Resumo: Este trabalho faz parte da pesquisa que toma por objeto o projeto “Família Santa Clara”, uma instituição de acolhimento infantil, que estabeleceu uma forma particular de funcionamento. Para acessar o material estudado, utilizou-se o método de análise do conteúdo das entrevistas com o casal fundador do projeto, observação participante e análise de documentos sobre a iniciativa, com a análise de conteúdo proposta por Laurence Bardin. Esse artigo tem como objetivo apresentar a categoria de análise “sonho”, aqui definido como capacidade de projeções futuras, como uma forma de mudança de vida para crianças em situação de acolhimento. As bases teóricas empregadas são os estudos sobre o “sentido da vida” de Victor Frankl, o conceito de liberdade de Jean-Paul Sartre e algumas concepções de educação de Paulo Freire. Assim, veremos que a capacidade de sonhar possibilitou uma mudança significativa na vida dessas crianças.
Palavras-chave: Sonhar. Sentido. Responsabilidade. Acolhimento infantil.

"SANTA CLARA FAMILY": AN ANALYSIS OF THE DREAMS OF CHILDREN IN CARE

Abstract: This work is part of the research that has the project “Família Santa Clara”, a childcare institution that established a particular brand of work, as an object. The interviews with the couple that founded the project were analyzed, which alongside with an analysis of documents regarding the initiative and participant observation allowed us to approach the material through the content analysis as proposed by Laurence Bardin.

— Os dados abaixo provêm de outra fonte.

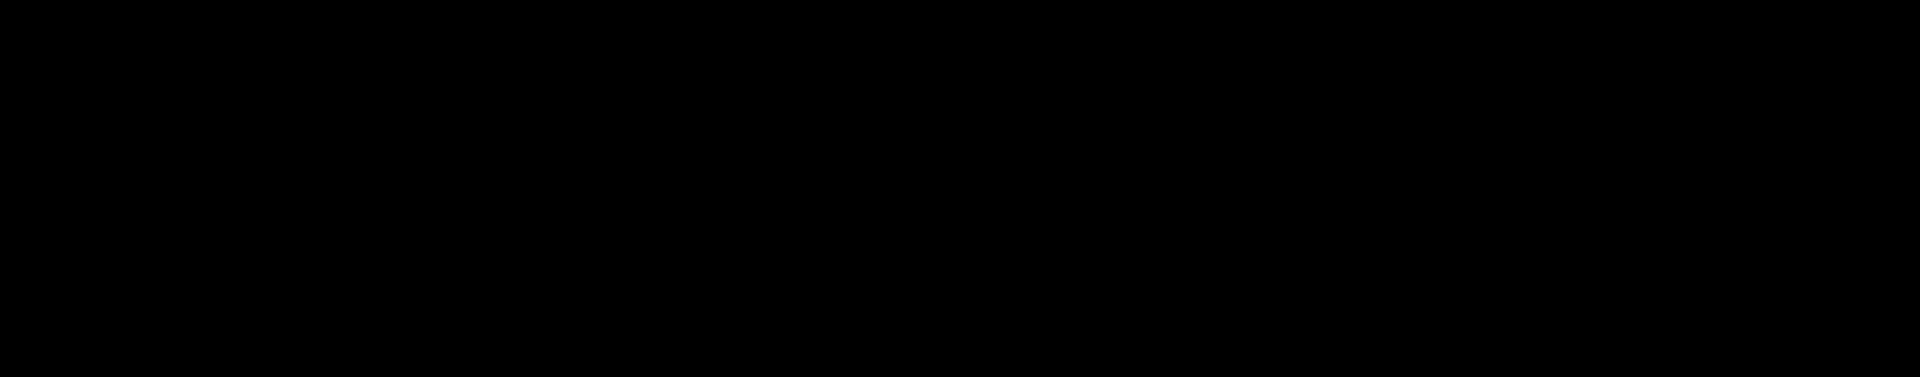 Evans Moore and Associates logo

This article aims to present the analysis of the “dream” category, here defined as the capacity to project a future as a way to change the lives of children in resident care. The theoretical bases are the studies of Victor Frankl on "the meaning of life”, Jean-Paul Sartre’s concept of freedom and some of Paulo Freire's conception of education. In this way, we are able to see that the ability to dream has brought significant changes in the lives of these children.
Keywords: Dreaming. Direction. Responsibility. Children. Residential care.

INTRODUÇÃO

Esse artigo é uma parte da pesquisa desenvolvida sobre a instituição de acolhimento infantil “Projeto Família Santa Clara”. O Santa Clara foi uma instituição de acolhimento infantil, que funcionou entre 1987 e 2010 no interior do Estado do Rio de Janeiro (Paraíba do Sul) e em Vargem Grande, na cidade do Rio de Janeiro. Teve como seus fundadores um casal, Cícero e Eliete, que junto a seus filhos biológicos, visaram ampliar sua família para crianças e adolescentes que não tinham onde e nem ninguém em quem se apoiar.

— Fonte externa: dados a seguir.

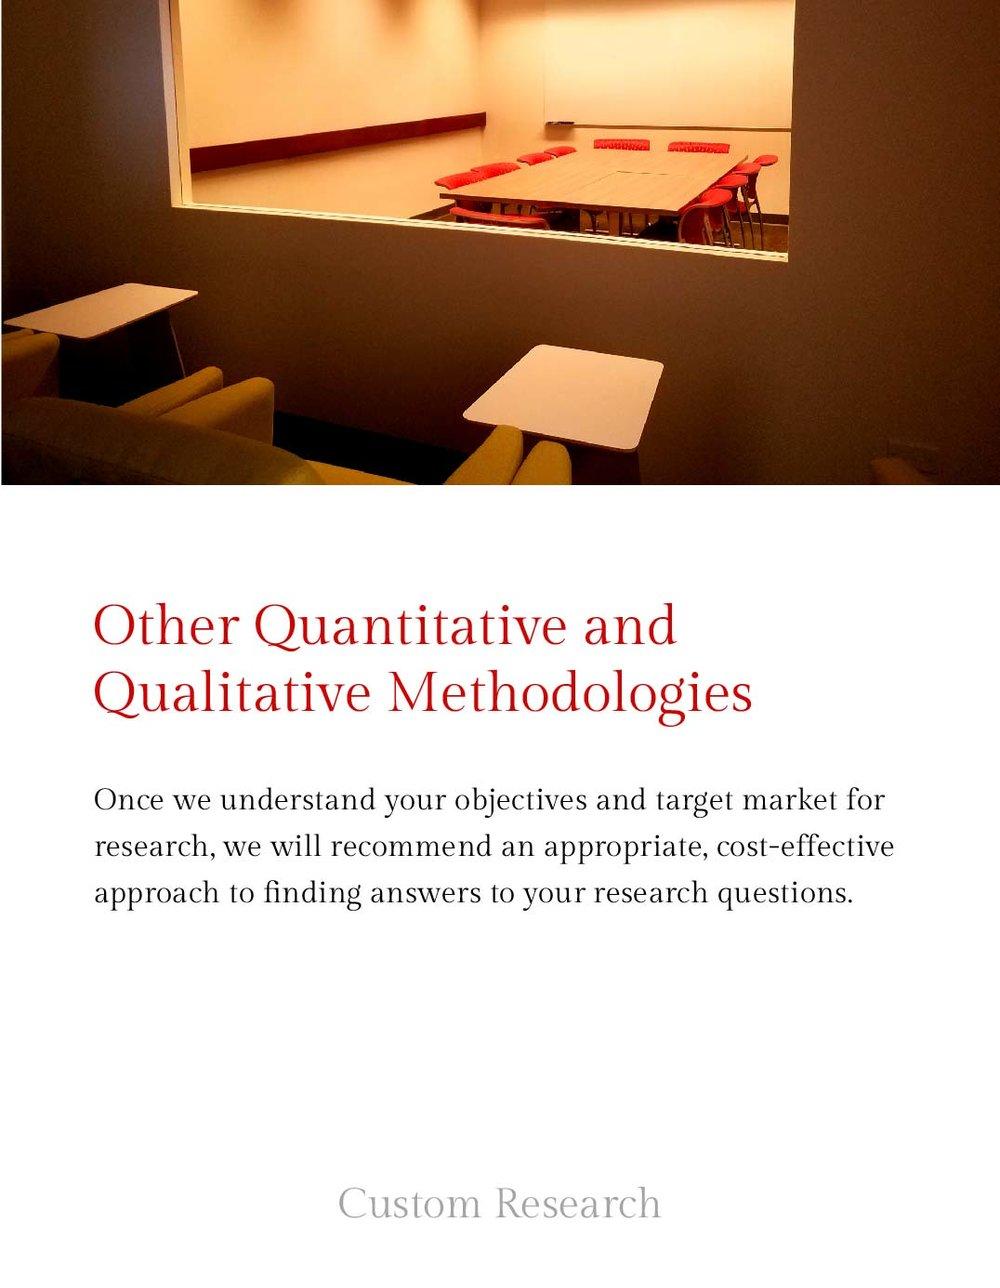 Other Quantitavtive and Qualitative Methodologies

As crianças e adolescentes assistidos eram encaminhados por diferentes motivos, desde violência familiar ou pobreza extrema da família, até crianças e adolescentes em situação de abandono nas ruas. Muitos estavam afastados de sua família de origem em razão de processos jurídicos, envolvendo situações diversas de violação de direitos. Não podendo permanecer em casa, eram encaminhadas para essa instituição enquanto aguardavam sua família de origem poder recebê-los novamente ou serem encaminhados para uma possível adoção.

A razão pelo qual optou-se por utilizar o Santa Clara como base para esse artigo é que o projeto alcançou um alto índice de sucesso no acolhimento das crianças e adolescentes citados acima. Além disso, obteve reconhecimento internacional pela UNESCO (Organização das Nações Unidas para a Educação, a Ciência e a Cultura), em 1996, sendo escolhido como um dos seis melhores projetos sociais do mundo, além de várias outras distinções e prêmios.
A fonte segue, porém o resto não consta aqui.